DIRECTIONS: Quote all lines below exactly. Images stay out.

RAW DATA:
-*-*-
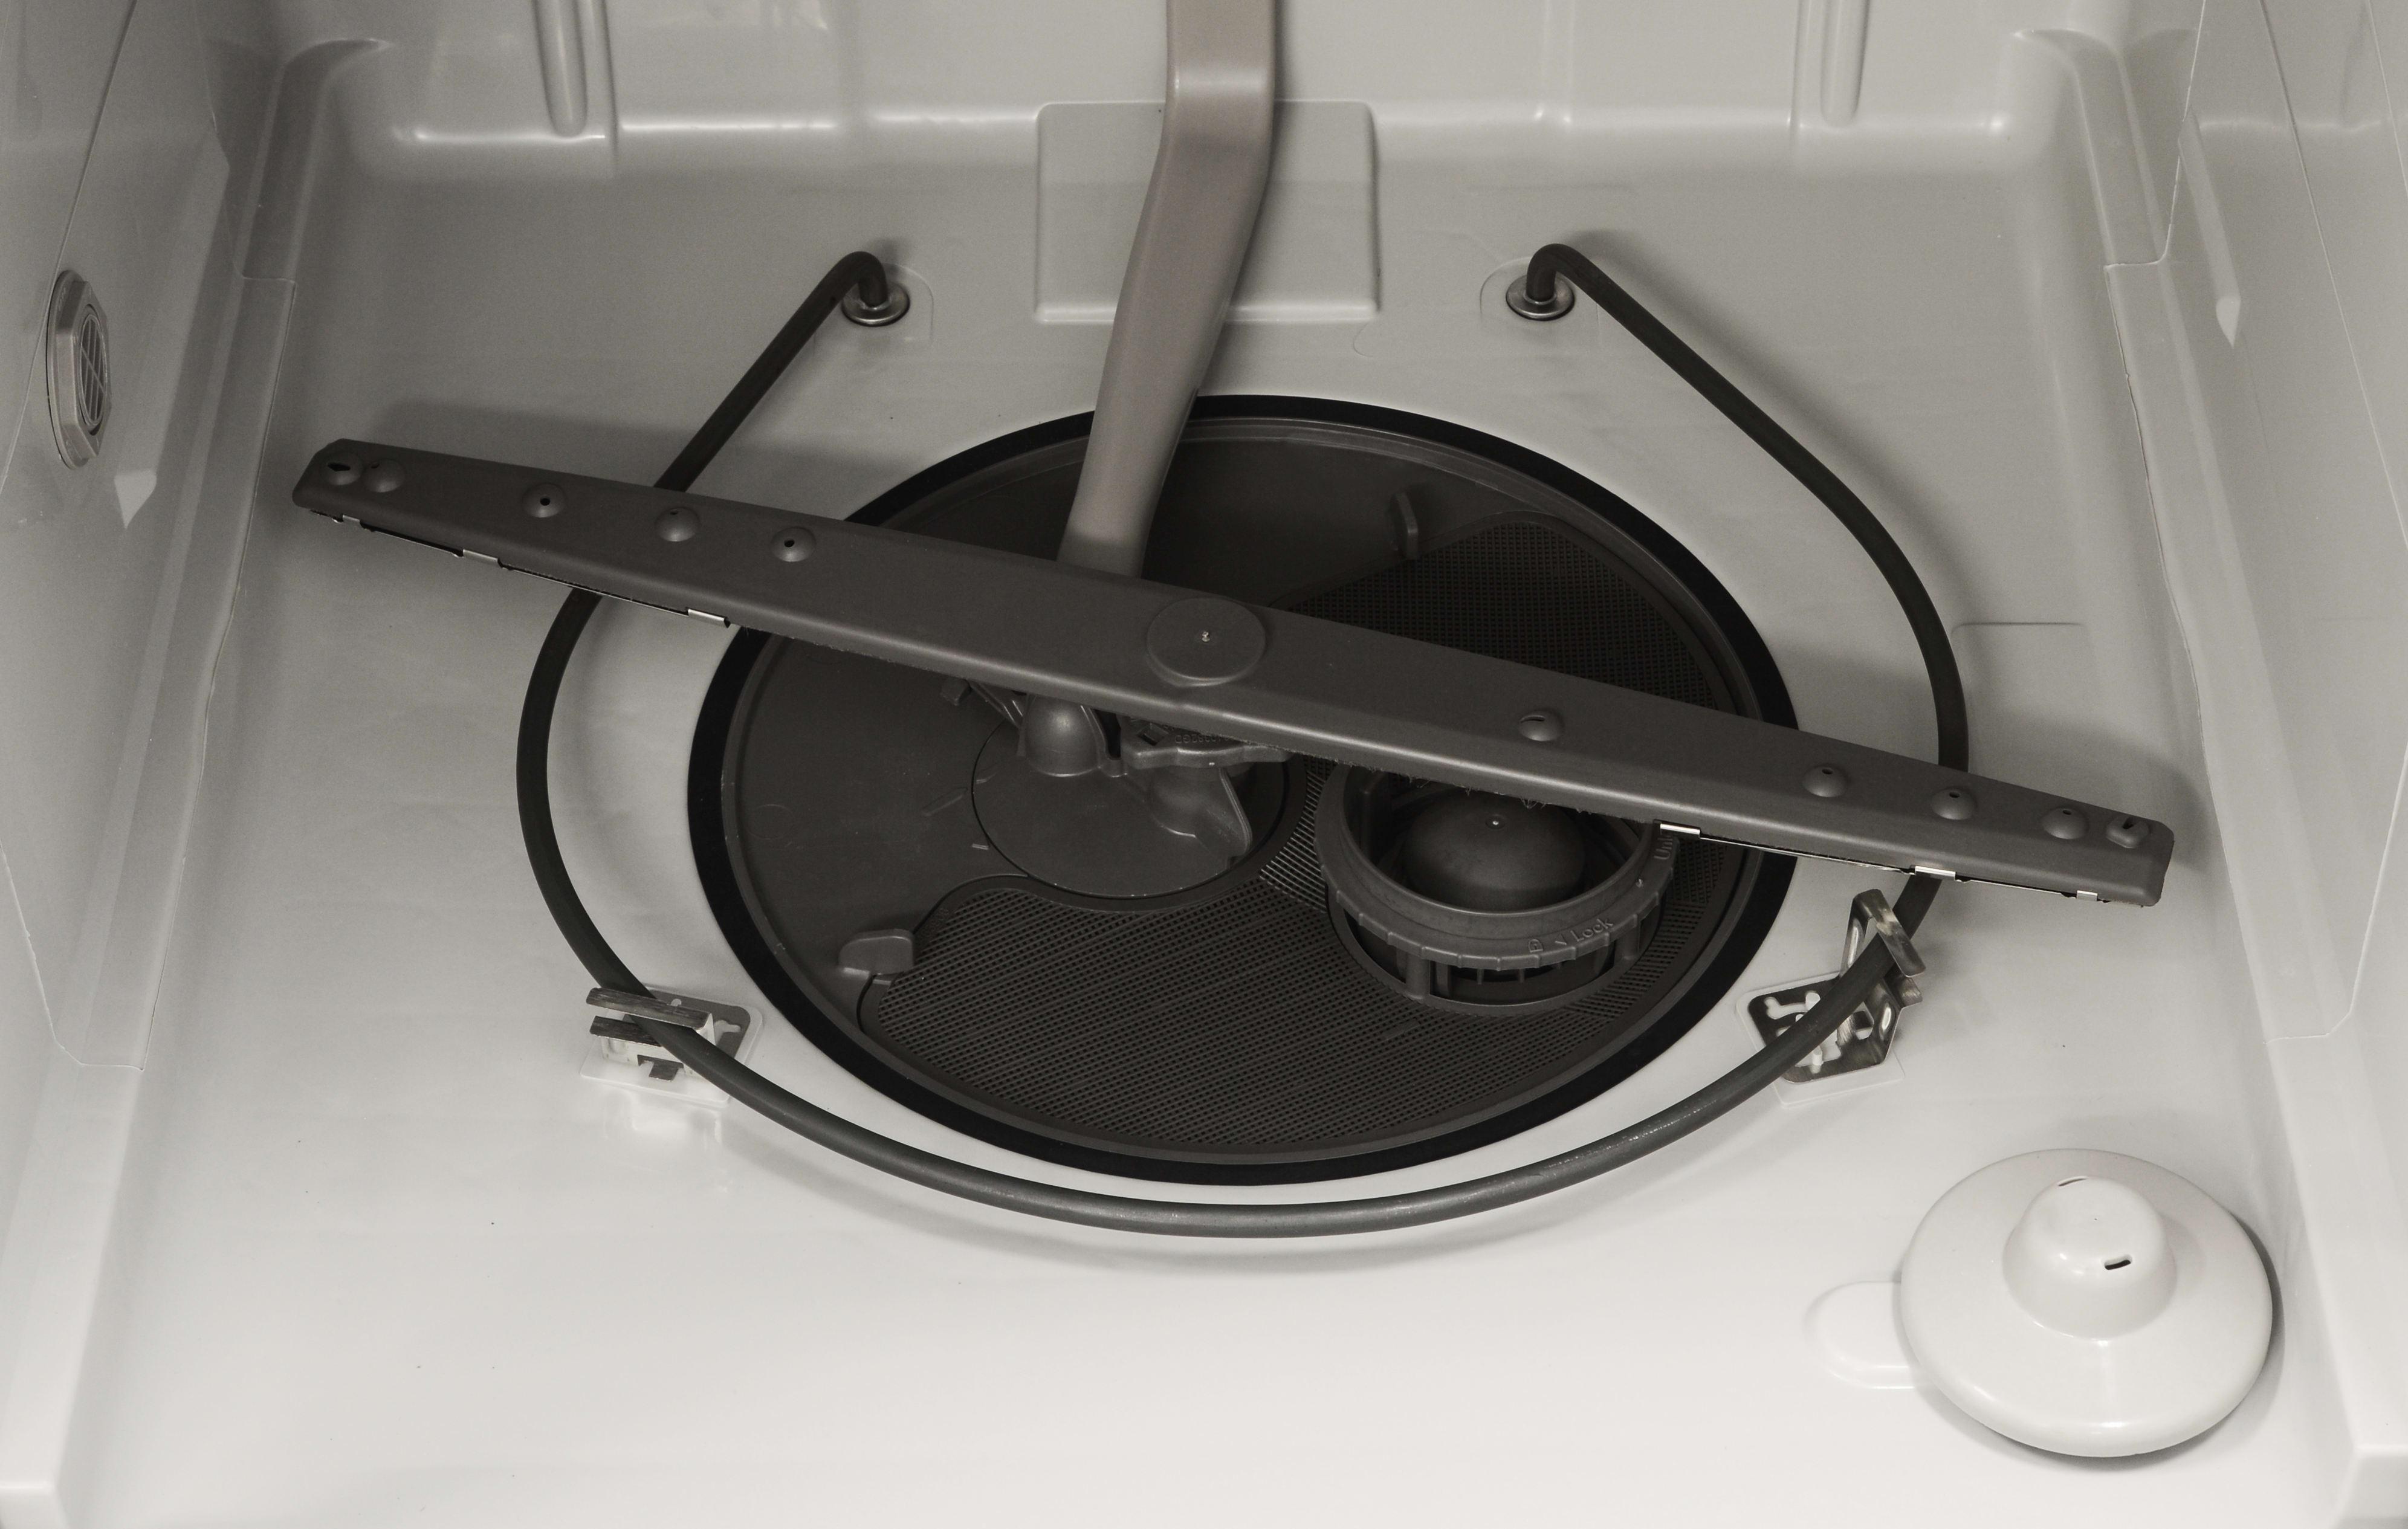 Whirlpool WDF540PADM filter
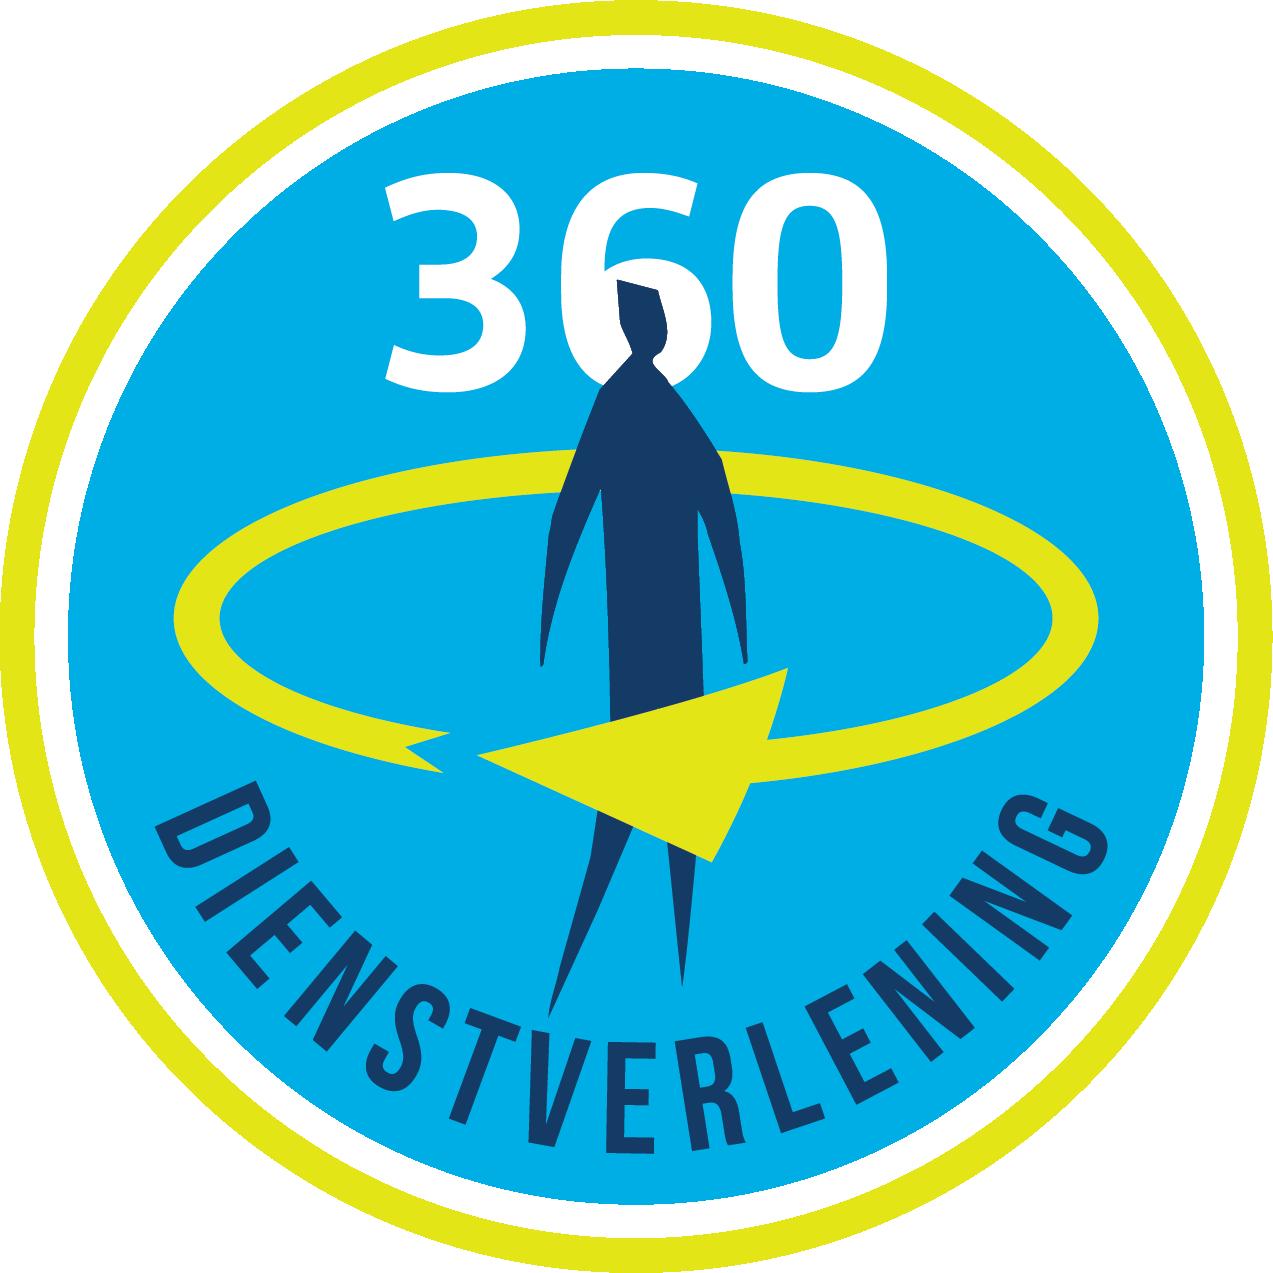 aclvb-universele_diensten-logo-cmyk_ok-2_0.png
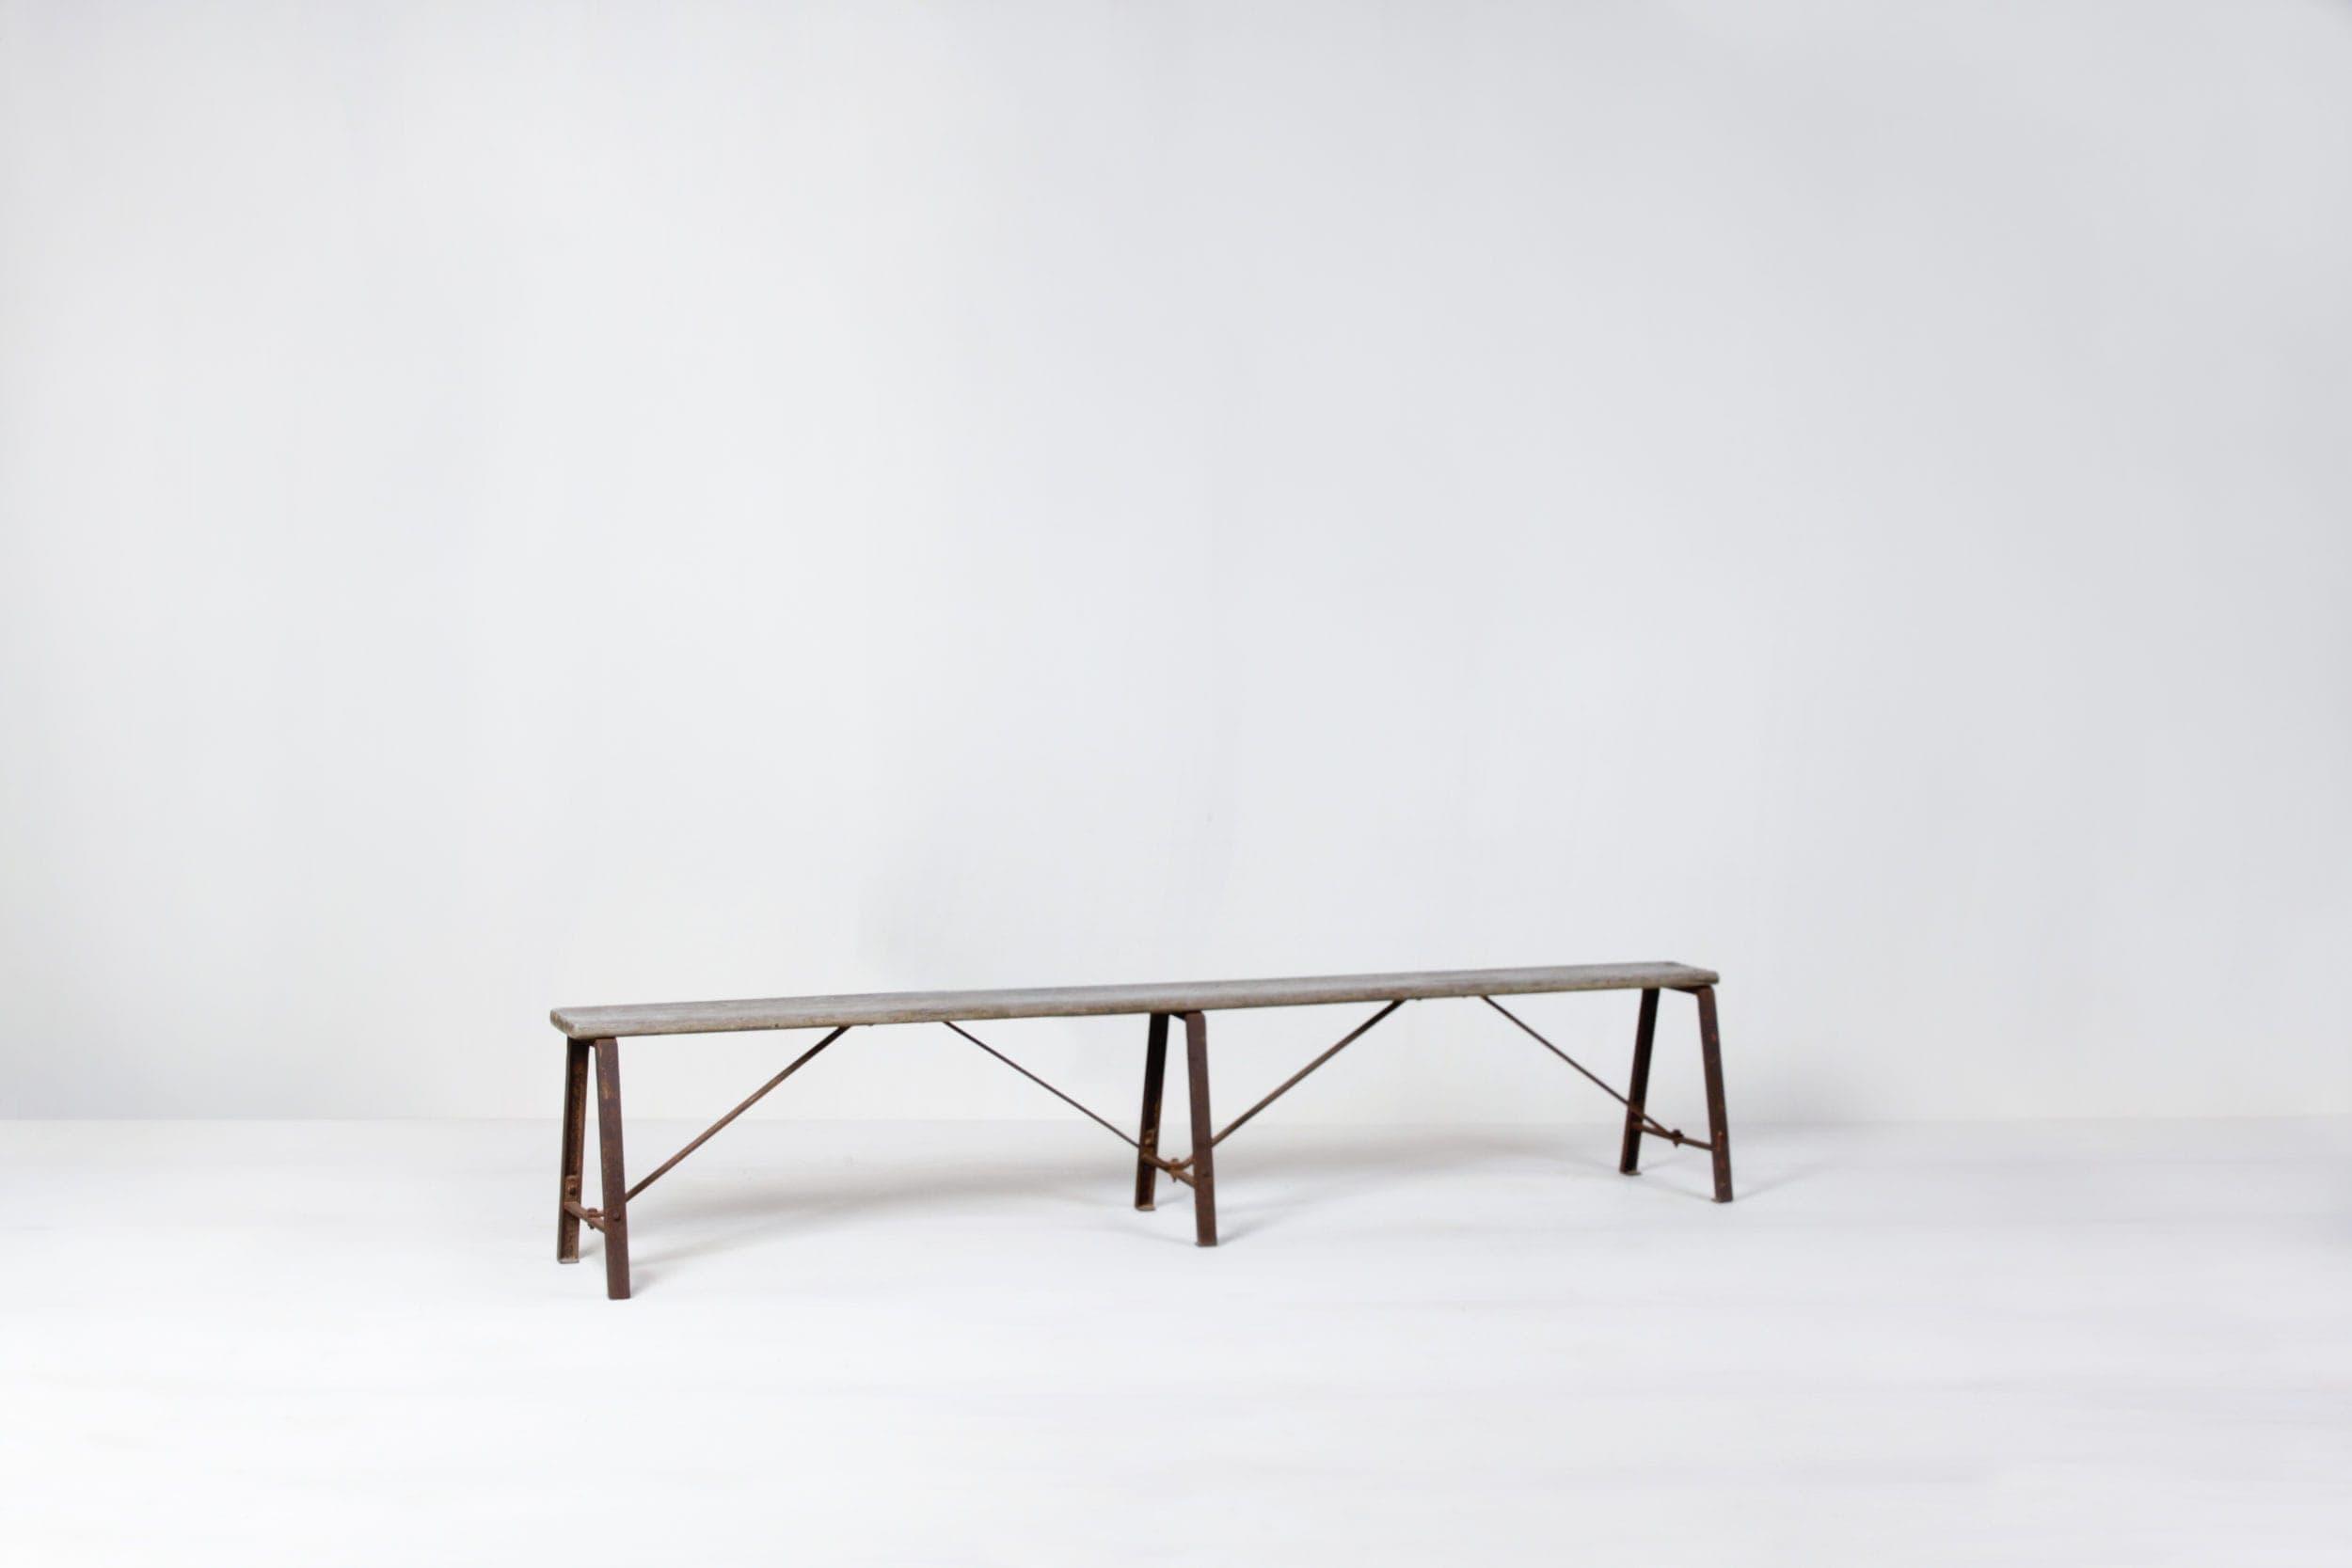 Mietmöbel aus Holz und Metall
-*-*-
WRITTEN ANSWER:
 Whirlpool WDF540PADM filter
 aclvb-universele_diensten-logo-cmyk_ok-2_0.png
 Mietmöbel aus Holz und Metall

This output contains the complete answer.